• The task: Set down, exactly and only, everything from the line containing "q1-2023-quarterly-calendar-with-reunion-holidays" down to the line containing "Zug bei Vivario" in the data below; the pictures are not part of the copy.

• Material shown:
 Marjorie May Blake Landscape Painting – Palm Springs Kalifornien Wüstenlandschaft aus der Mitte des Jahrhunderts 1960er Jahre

==

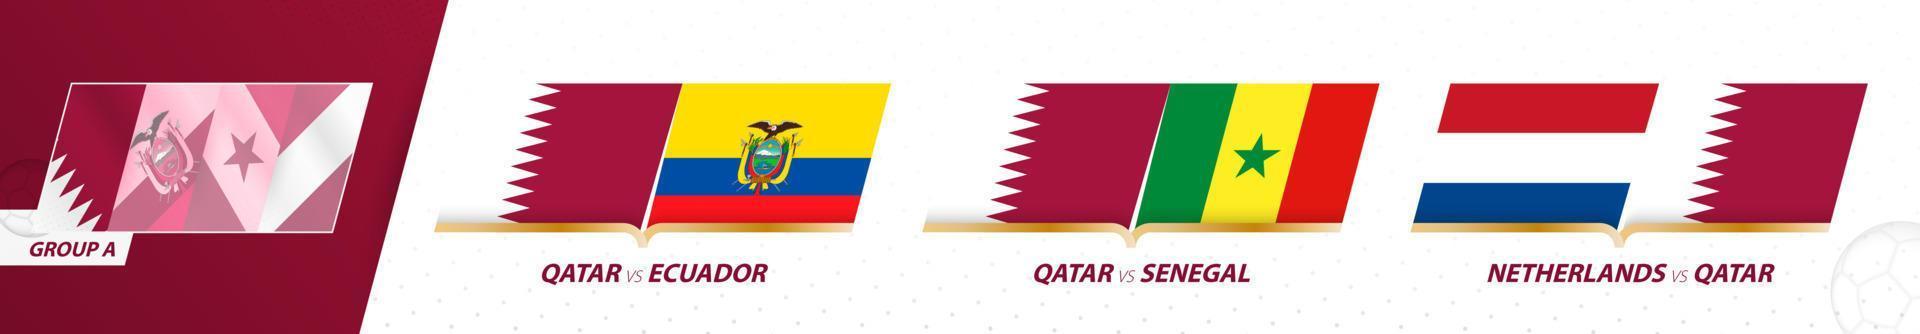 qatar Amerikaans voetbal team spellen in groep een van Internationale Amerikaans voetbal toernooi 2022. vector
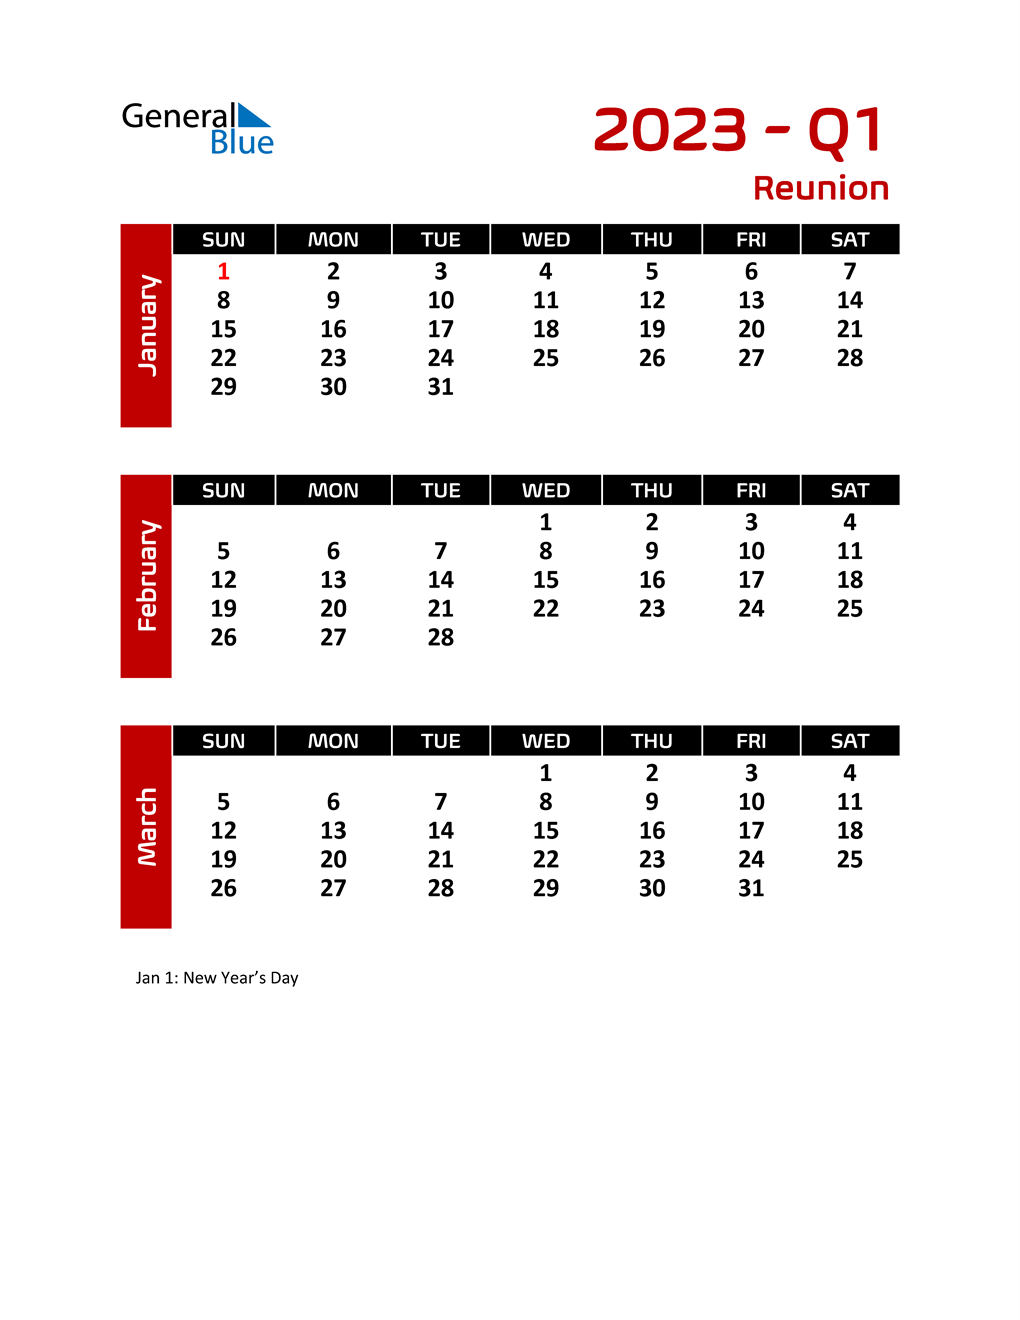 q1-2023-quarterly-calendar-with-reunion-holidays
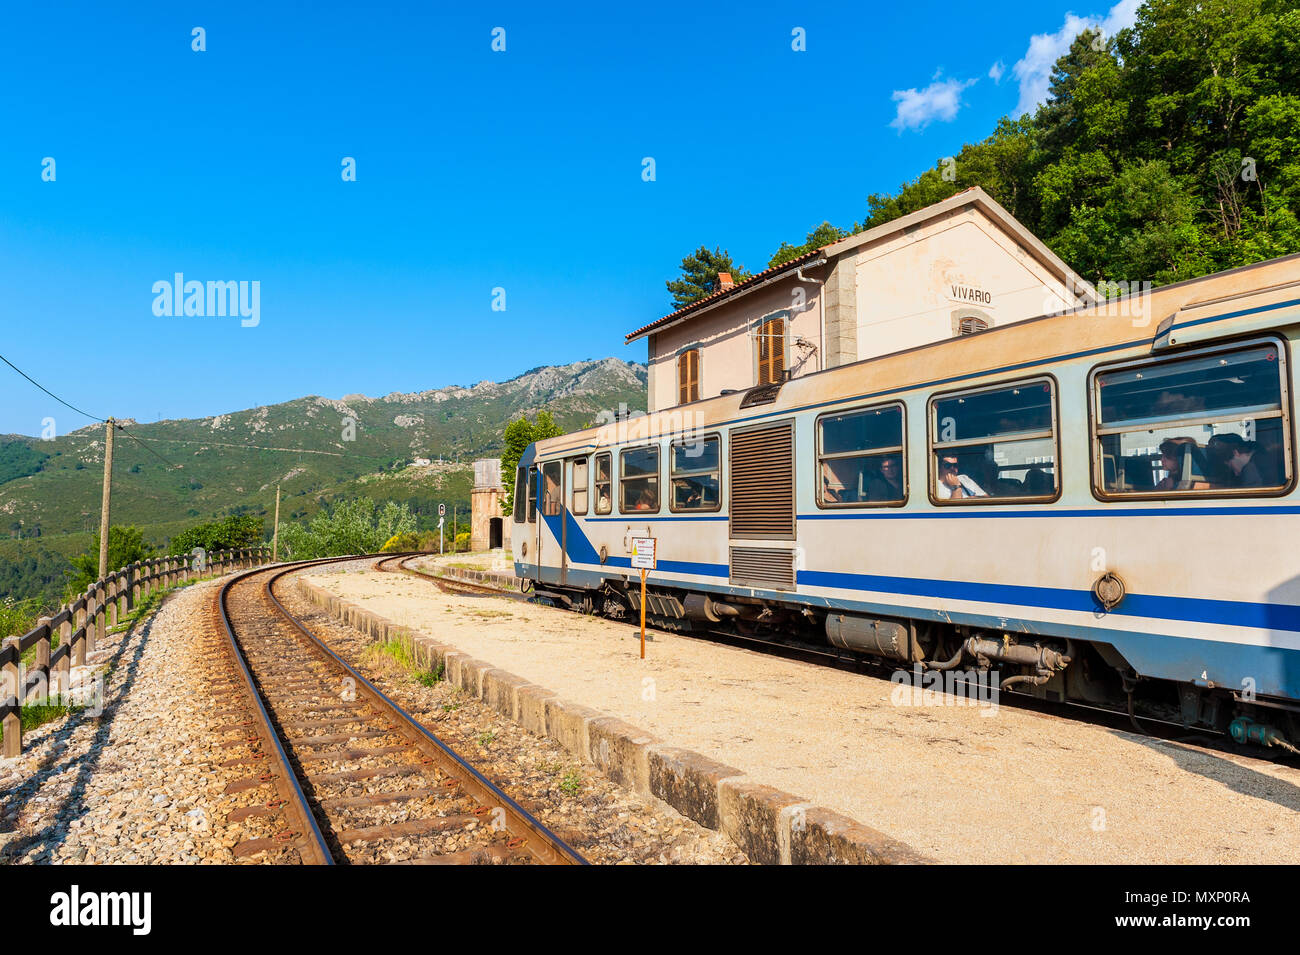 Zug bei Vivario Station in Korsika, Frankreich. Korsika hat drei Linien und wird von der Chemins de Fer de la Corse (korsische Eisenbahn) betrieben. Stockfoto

---

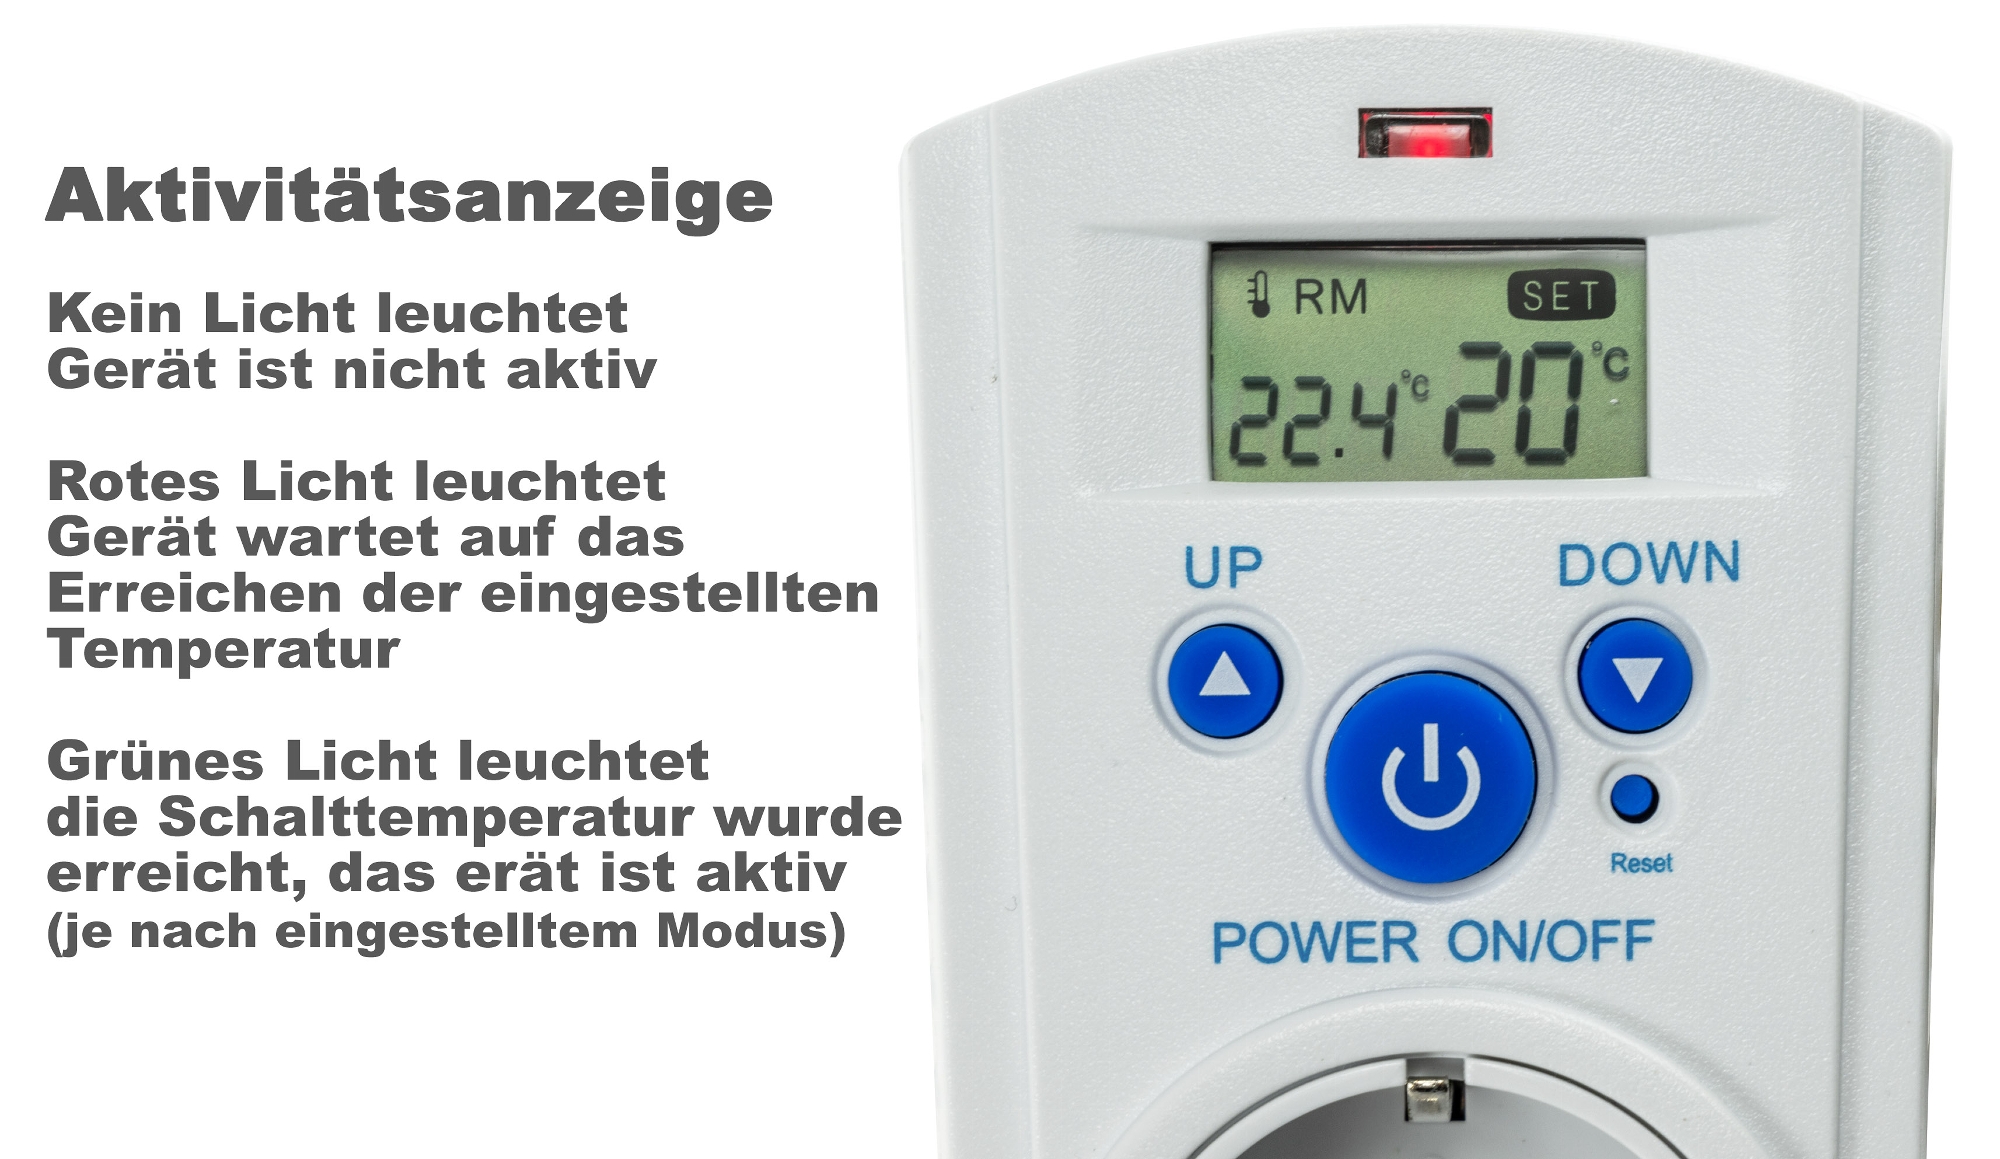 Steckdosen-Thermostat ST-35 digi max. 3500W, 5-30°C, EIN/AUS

• Response box:
 q1-2023-quarterly-calendar-with-reunion-holidays
 Zug bei Vivario Station in Korsika, Frankreich. Korsika hat drei Linien und wird von der Chemins de Fer de la Corse (korsische Eisenbahn) betrieben. Stockfoto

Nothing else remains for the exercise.